What is being asked – Copy exactly the lines of the data below, beginning with the line with "Lot: MG34 Display Gun with Parts" and ending with the line with "Ανδρική μπεζ μακρυμάνικη". Pictures are to be omitted.

Data section –
□ □ □ □
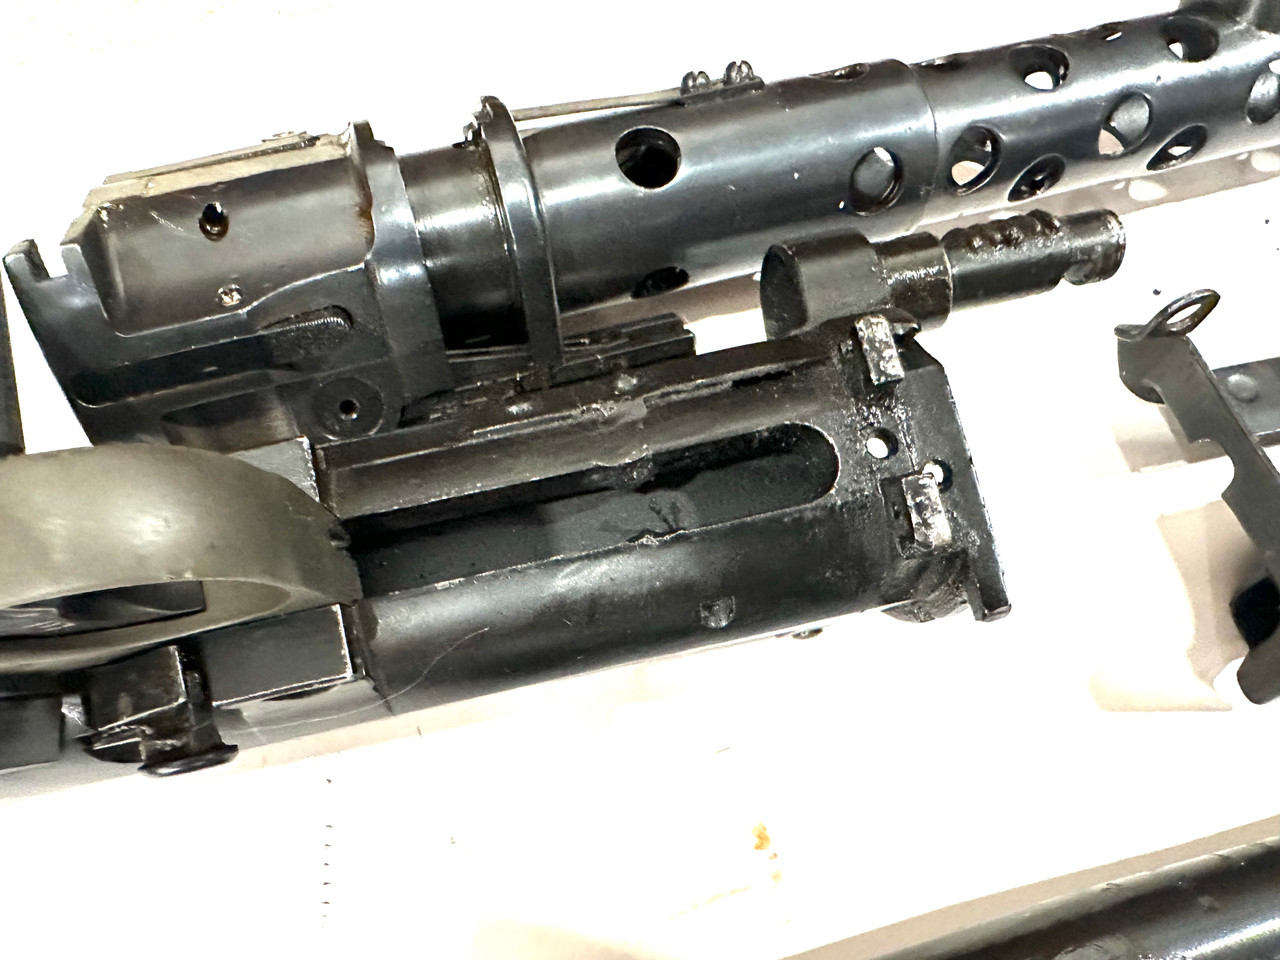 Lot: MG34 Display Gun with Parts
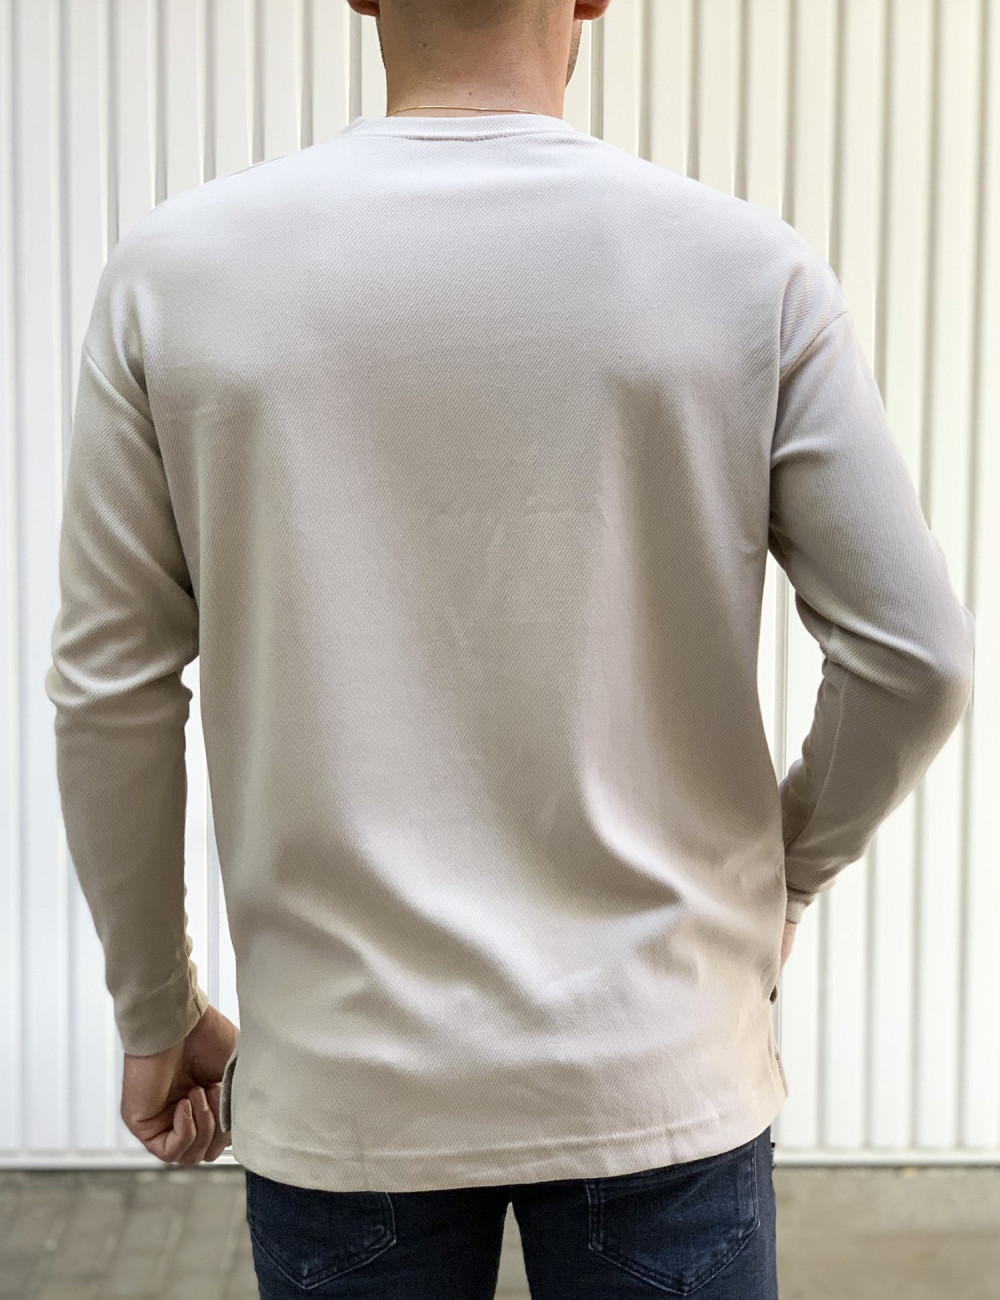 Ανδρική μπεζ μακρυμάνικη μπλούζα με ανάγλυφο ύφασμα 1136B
□ □ □ □
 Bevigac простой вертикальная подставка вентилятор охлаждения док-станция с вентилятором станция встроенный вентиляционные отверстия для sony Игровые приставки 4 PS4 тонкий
□ □ □ □
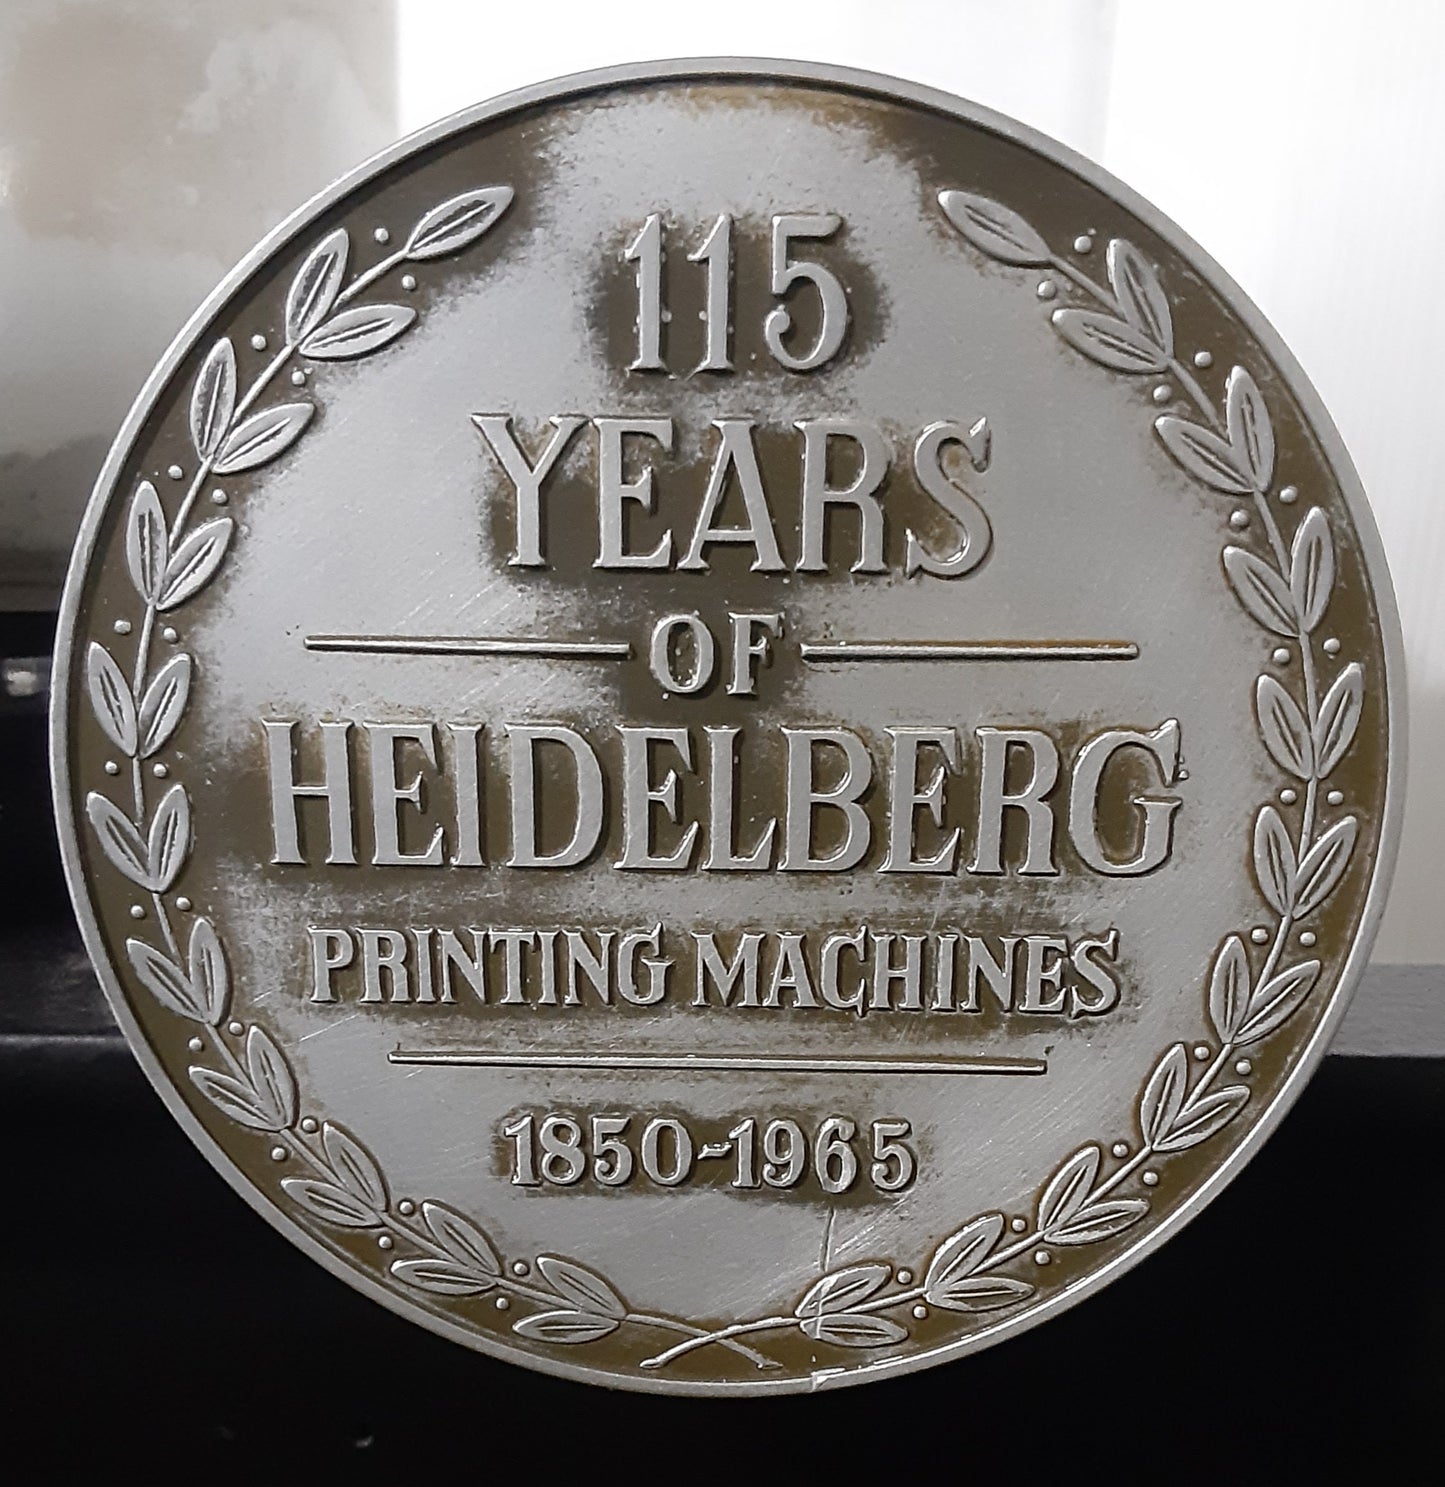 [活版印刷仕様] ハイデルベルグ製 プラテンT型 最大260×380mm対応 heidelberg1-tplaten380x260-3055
□ □ □ □
Solved problem –
 Lot: MG34 Display Gun with Parts
 Ανδρική μπεζ μακρυμάνικη μπλούζα με ανάγλυφο ύφασμα 1136B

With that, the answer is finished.